Concerned About Unconventional Mental Health Interventions?

Concerned About Unconventional Mental Health Interventions?
Alternative Psychotherapies: Evaluating Unconventional Mental Health Treatments

Sunday, September 9, 2018

Separation of Migrant Children: Commenting on Proposed HHS Rule Change

Some readers may be aware that the Department of Health and Human Services proposes to make a change in the Flores amendment that (in theory) limits separation of  undocumented migrant children from their parents to 20 days.  The new rule is described as:
The Department of Health and Human Services (HHS) Proposed Rule: Apprehension, Processing, Care, and Custody of Alien Minors and Unaccompanied Alien Children

You can comment on what rules should apply in these cases by going to 

Here is the comment I posted:

I am a developmental psychologist and the author of a book on infant development, one on emotional attachment in childhood, and textbooks on child development. I am concerned about the assumption that a HHS rule about separation of children from parents can be equally appropriate for children of all ages, birth to 18 years.  Clinical and observational studies of child development show that the impact of separation on children is most severe during the toddler period, roughly 10 months to 3 years of age. Preschool children are also negatively affected, but because of their better language development,  can tolerate separation somewhat better than toddlers can. Both toddlers and preschoolers show the impact of abrupt and long-term separations by crying, withdrawal, failure to play or explore, and problems with eating and sleeping. Notably, if separation  goes on for more than a few days, these effects will not disappear when the child is reunited with a parent, but will continue to be apparent for weeks or months, as the child has sleep problems or nightmares, is easily startled and frightened, and both clings to and behaves aggressively toward the parent. These reactions are difficult for any parent to cope with, but are especially so for a parent who is also frightened and distressed about an uncertain future.

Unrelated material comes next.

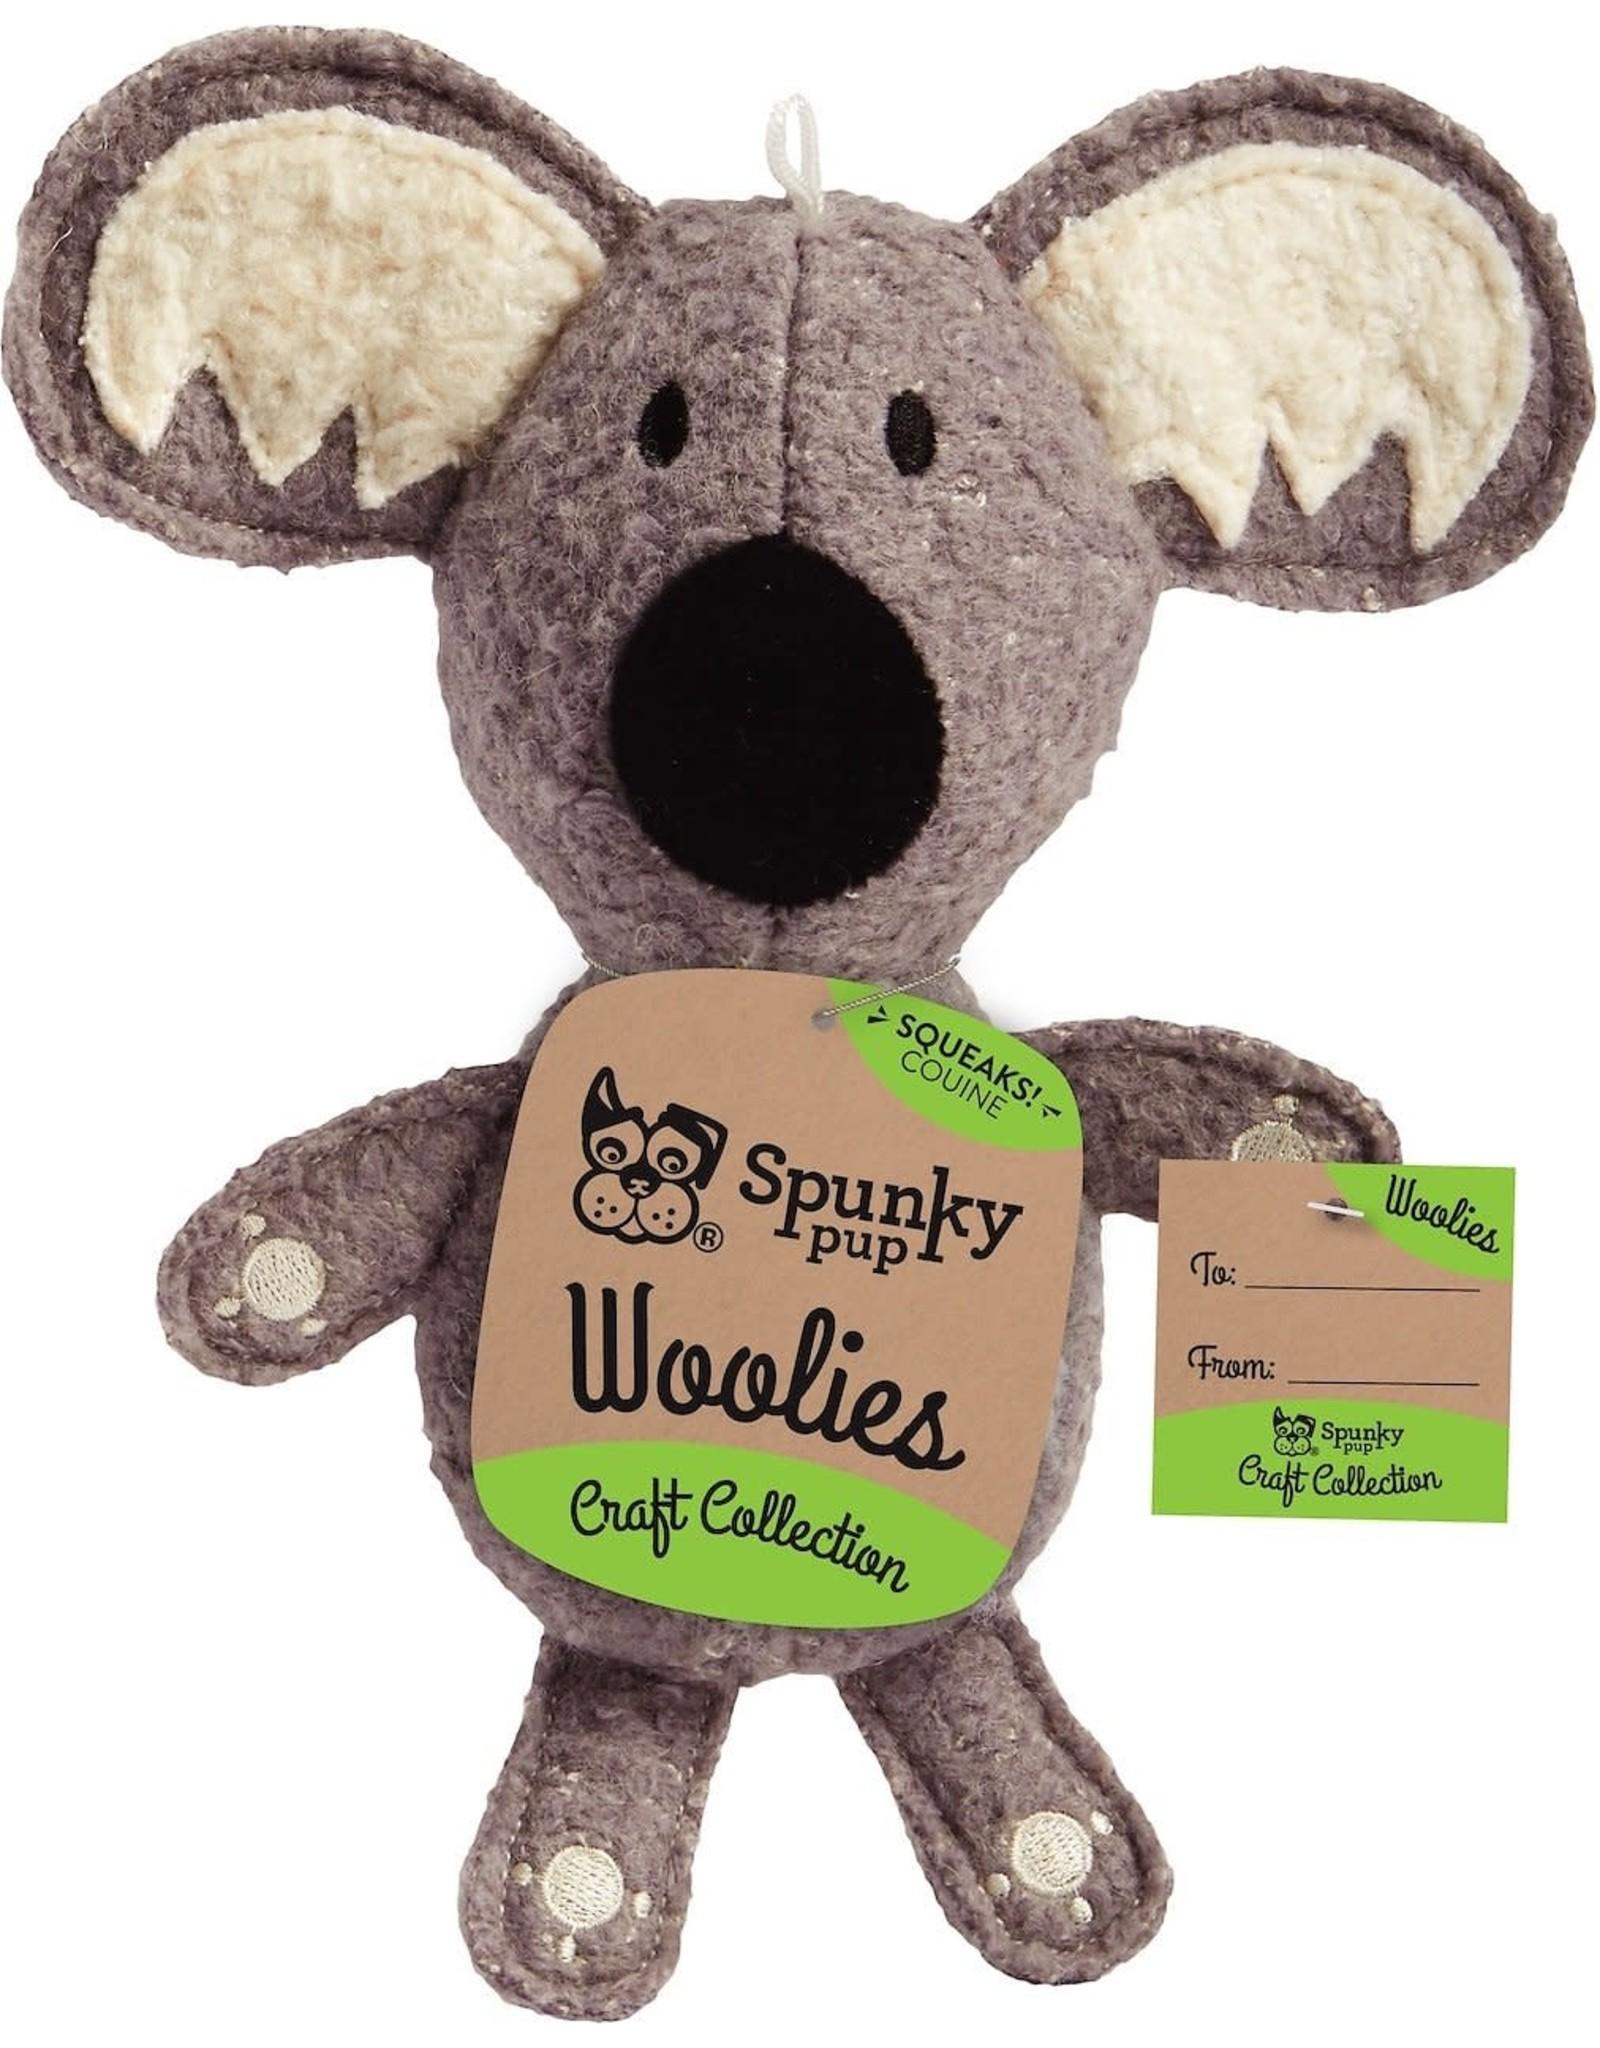 Spunky Pup SPUNKY PUP CRAFT COLLECTION WOOLIES KOALA TOY

School-age children are also distressed by separation, especially when they are confused by a new language, but their reactions and long-term responses are much less seriously negative than is the case for toddlers and preschoolers. In my opinion, decisions about rules on treatment of separated migrant children should focus on care of toddlers and preschoolers if triage needs to be done because of limited resources. Ideally, toddlers and preschoolers would remain with parents in whatever detention is used. A less ideal solution, but a better one than seems in place at this time, is that separation be limited to 20 days at the most, and that care for the separated young children follow guidelines for high-quality child care as provided by organizations like the National Association for Education of Young Children (NAEYC). These guidelines would set maximum numbers of children to be cared for by one caregiver , with a ratio of 1:3 for the youngest children in this group and 1:5 for older preschoolers; would provide that children have assigned caregivers rather  simply placing a number of caregivers to work with all of the children in a large group: would provide that these young children be cared for in small groups rather than large rooms full of children; and would emphasize individualized care for the children, with physical contact and talking prioritized.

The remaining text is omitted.